In this case, we must set $c_3=1$ analytically:

In [26]:

# special case for a=0 where c₃=1
function cfit2(b; rtol=1e-12) # continuous-x fit, doing integrals to relative tolerance rtol
    a = 0
    A = [exp,sin] # Γ(x) is moved to right-hand side
    AᵀA = [quadgk(x -> f(x)*g(x), a,b, rtol=rtol)[1] for f in A, g in A]
    Aᵀb = [quadgk(x -> f(x)*(1/x-gamma(x)), a,b, rtol=rtol)[1] for f in A]
    display(AᵀA)
    display(Aᵀb)
    return [AᵀA \ Aᵀb; 1] # the least-square coefficients including c₃=1
end

cfit2(1)

2×2 Array{Float64,2}:
 3.19453   0.909331
 0.909331  0.272676

2-element Array{Float64,1}:
 0.34706840472875855
 0.0736563323865726

Out[26]:

3-element Array{Float64,1}:
  0.6259463063551046
 -1.8173087923915738
  1.0

Again, these results are consistent with the $\boxed{c \approx (0.626, -1.817, 1.0)}$ results that we obtained in part (b). Again, we see that our $2\times 2$ matrix $A^*A$ is well-conditioned.
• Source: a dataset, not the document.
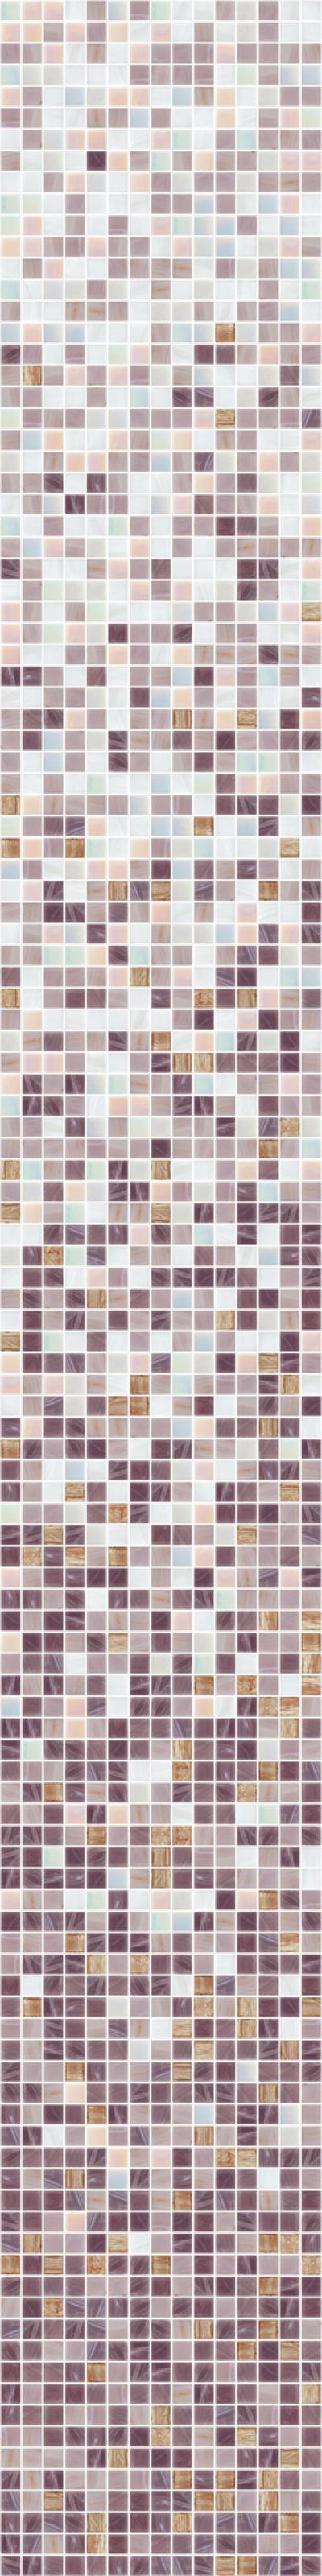 Gradiente Glas Mosaikfliesen Lila Rosa Weißgrau GoldSilber - Rosa mosaik fliesen
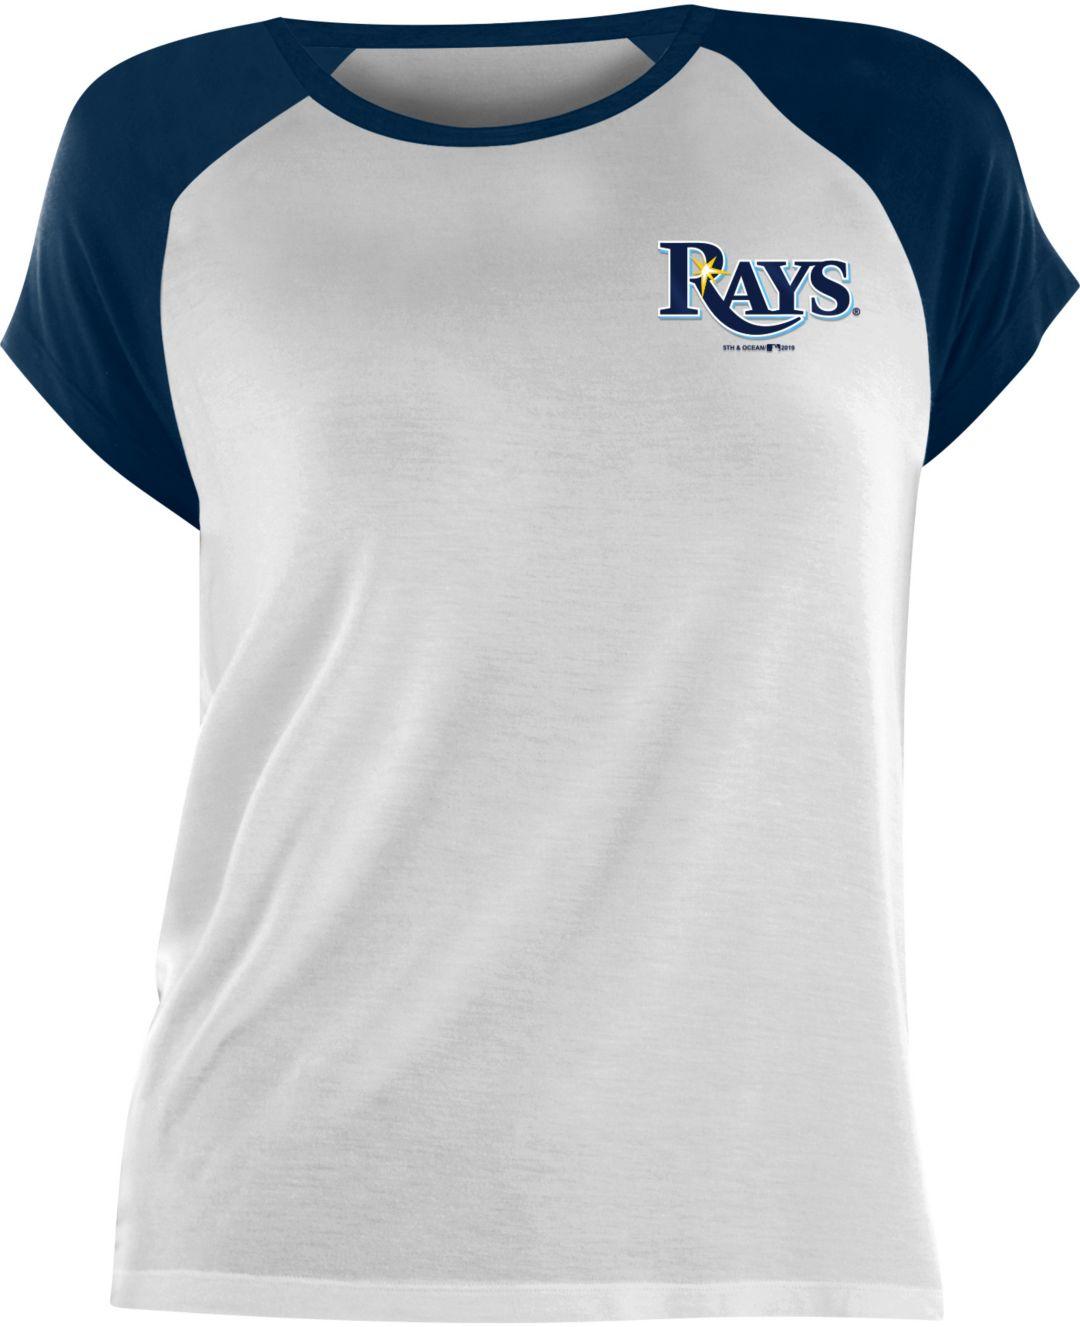 823a522e New Era Women's Tampa Bay Rays Tri-Blend T-Shirt

(Our accuracy might still be limited by the $A^* (1/x - \Gamma(x))$ computation because of cancellation error, as noted above, unless we find a better implementation of this special function. However, we are helped by the fact that quadgk never evaluates the integrand exactly at its endpoints, and it uses a very fast-converging quadrature algorithm that doesn't even get particularly close to the endpoints for smooth integrands.)